__Task details__. The copy should begin at the line containing "Jaquette DVD Doctor Who Saison 6 custom" and end with the last line below, every line exact and no picture included.

__Collected material__.
>>>

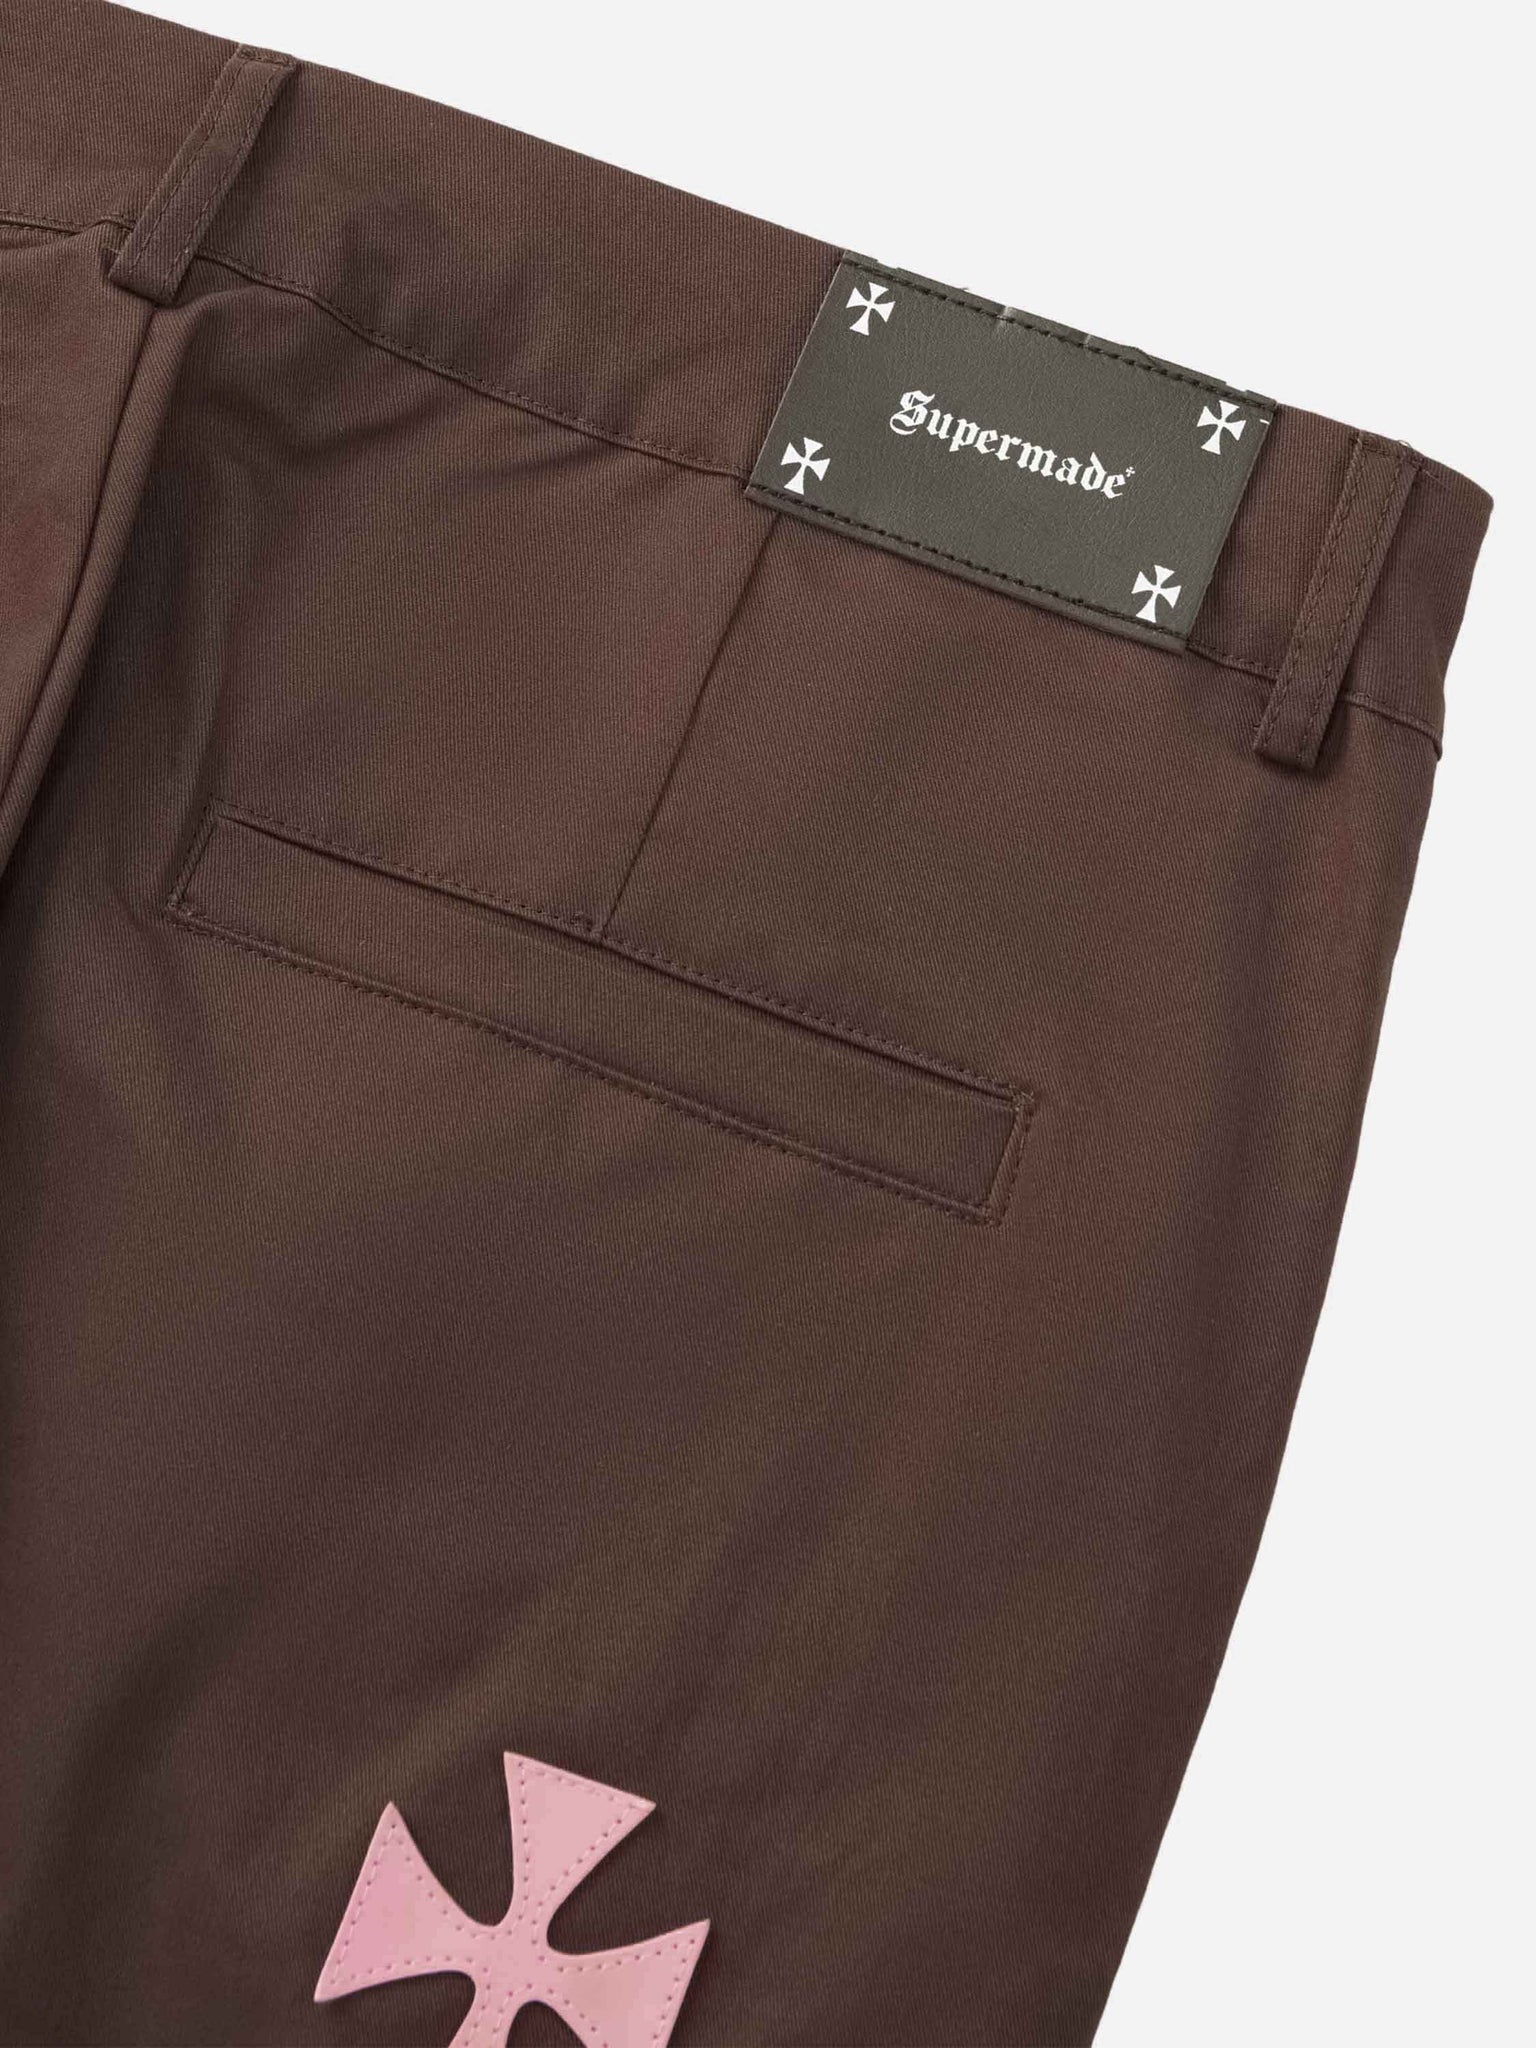 Thesupermade American Casual Versatile Multi-pocket Casual Pants - 1831
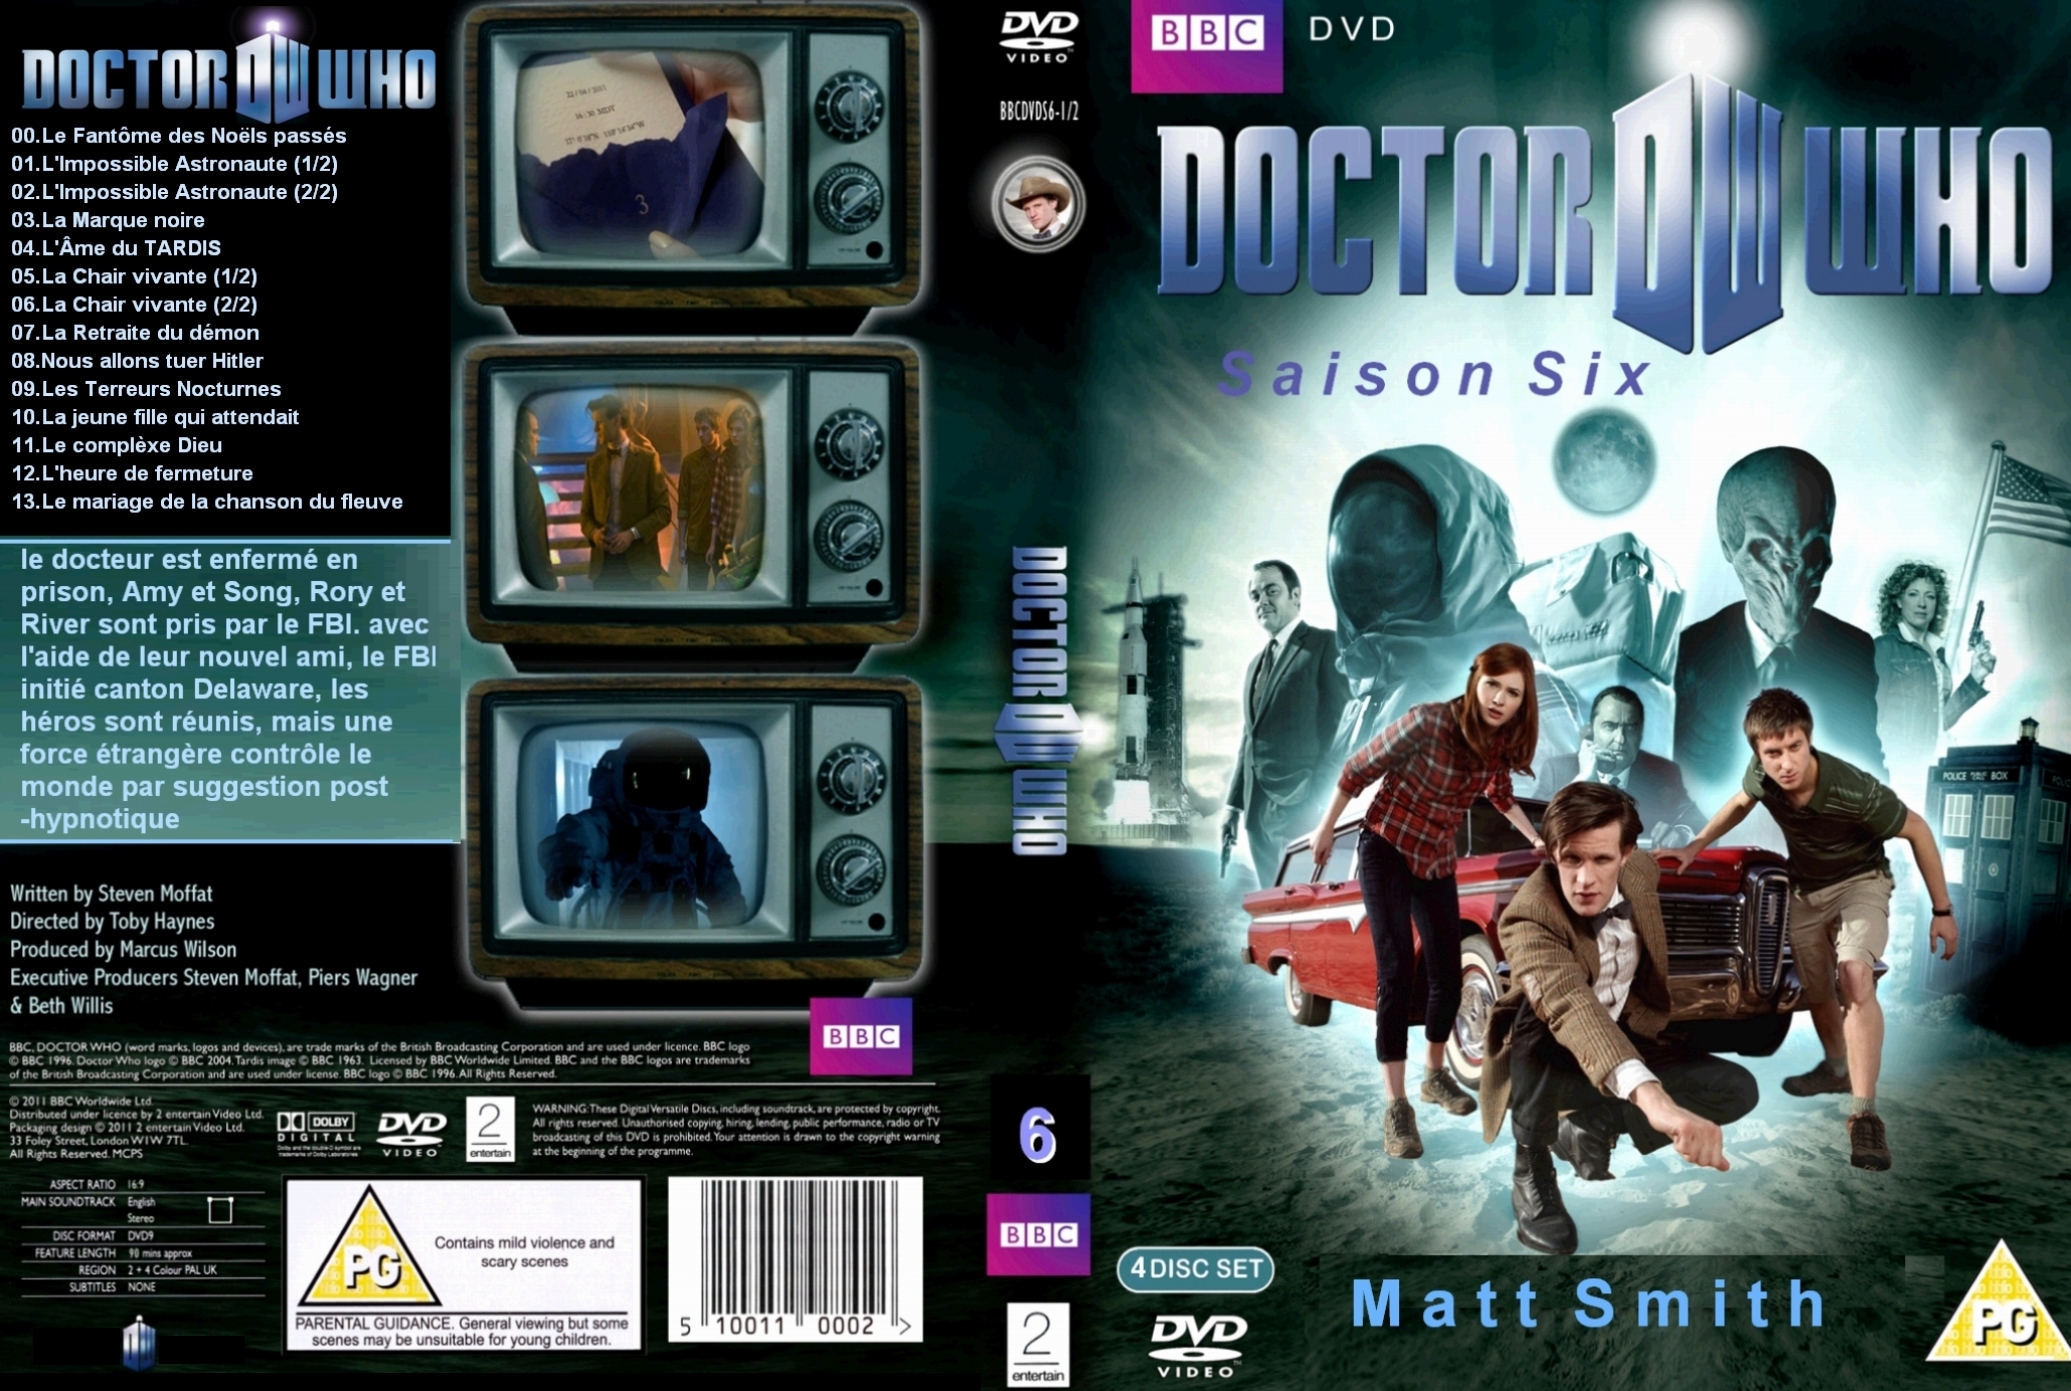 Jaquette DVD Doctor Who Saison 6 custom
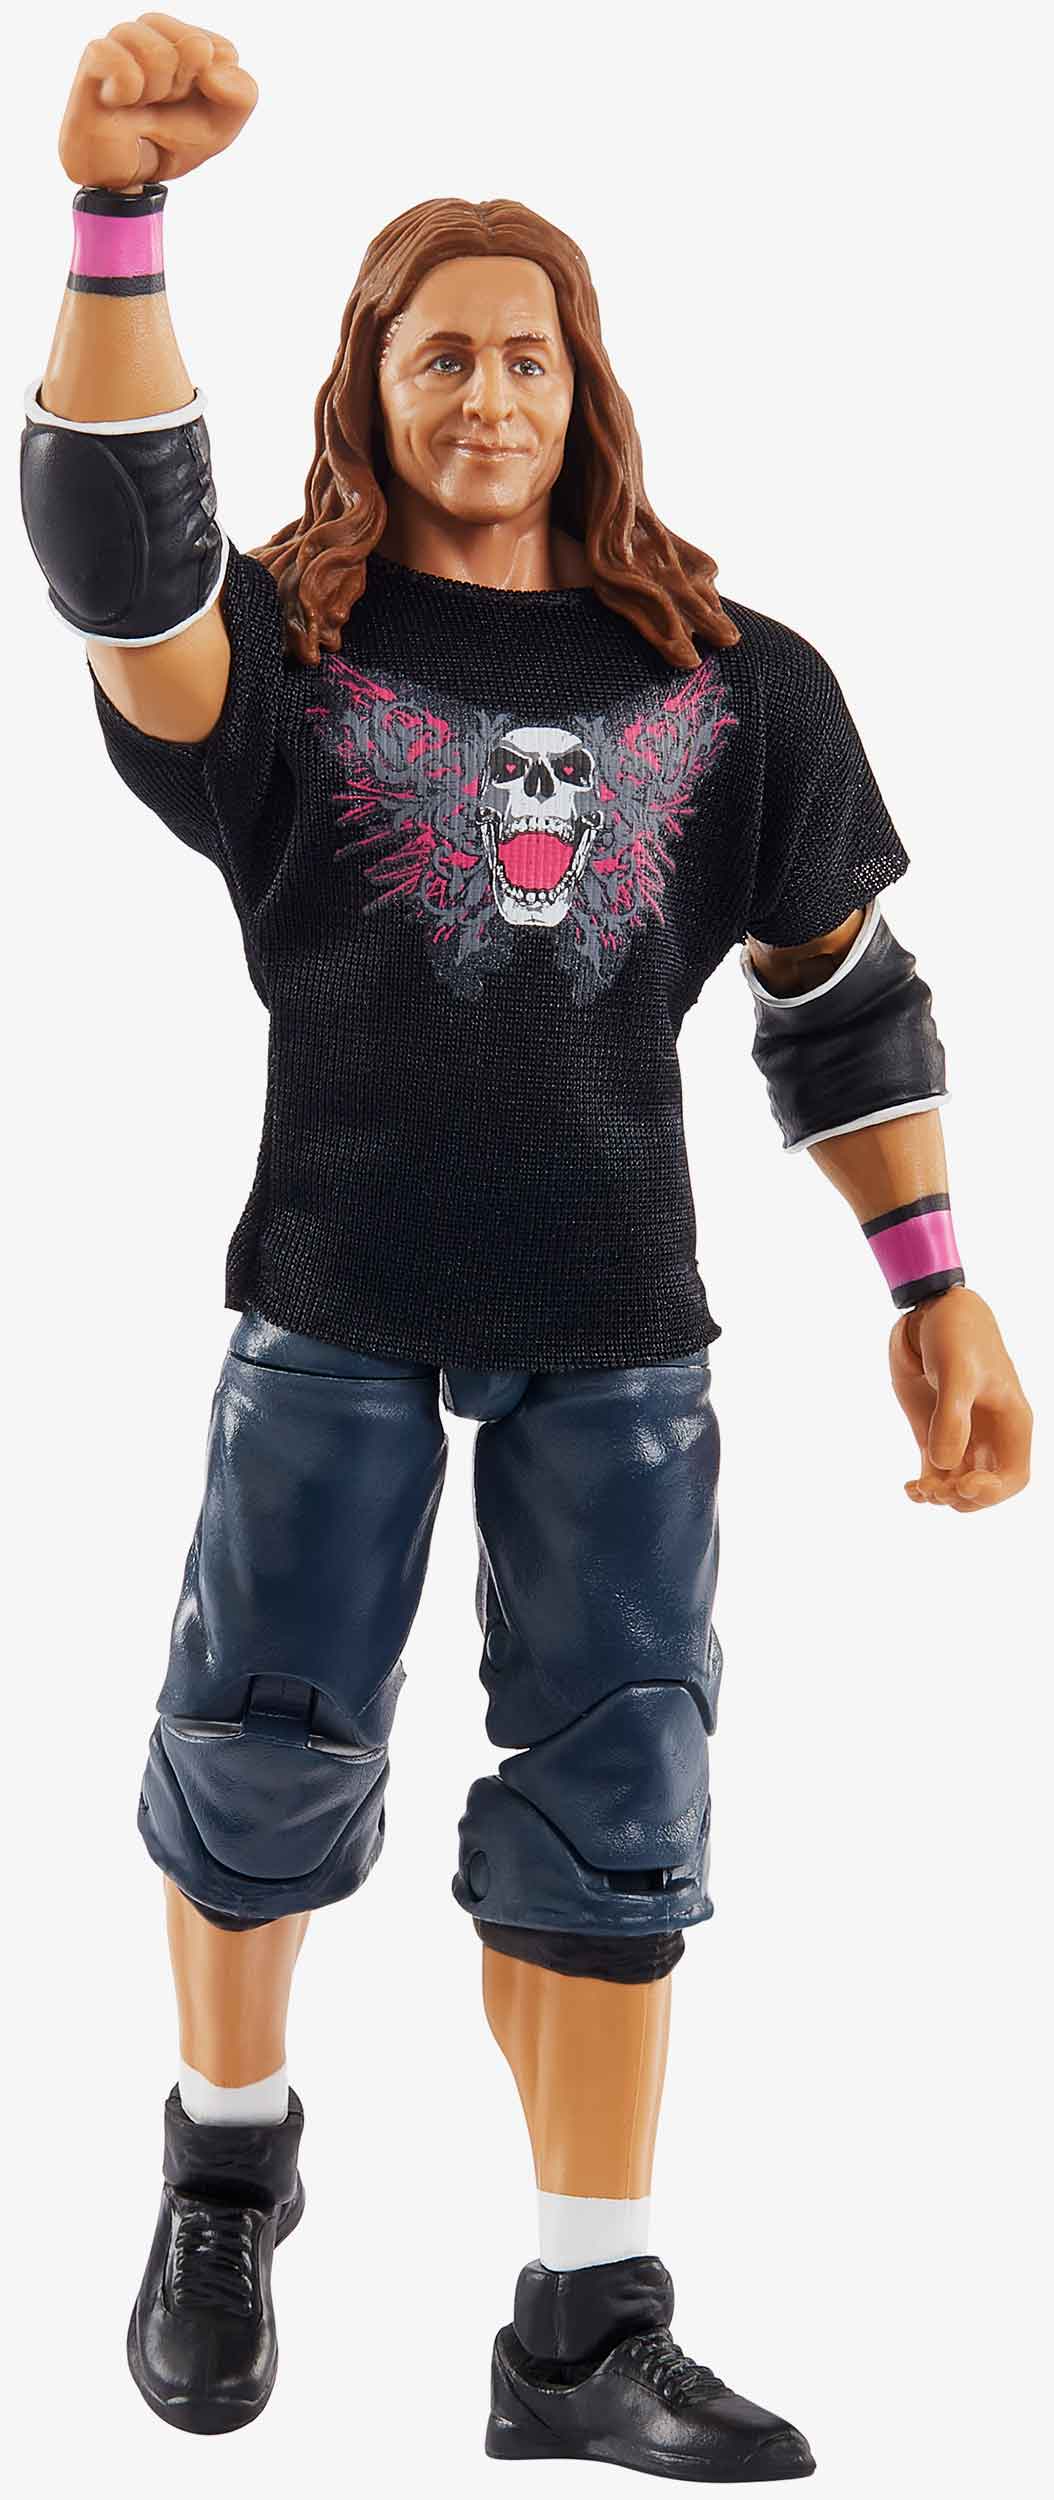 Bret Hit Man Hart WWE WrestleMania 38 Elite Collection

<<<

__Solution for this exercise__.
 Jaquette DVD Doctor Who Saison 6 custom
 Bret Hit Man Hart WWE WrestleMania 38 Elite Collection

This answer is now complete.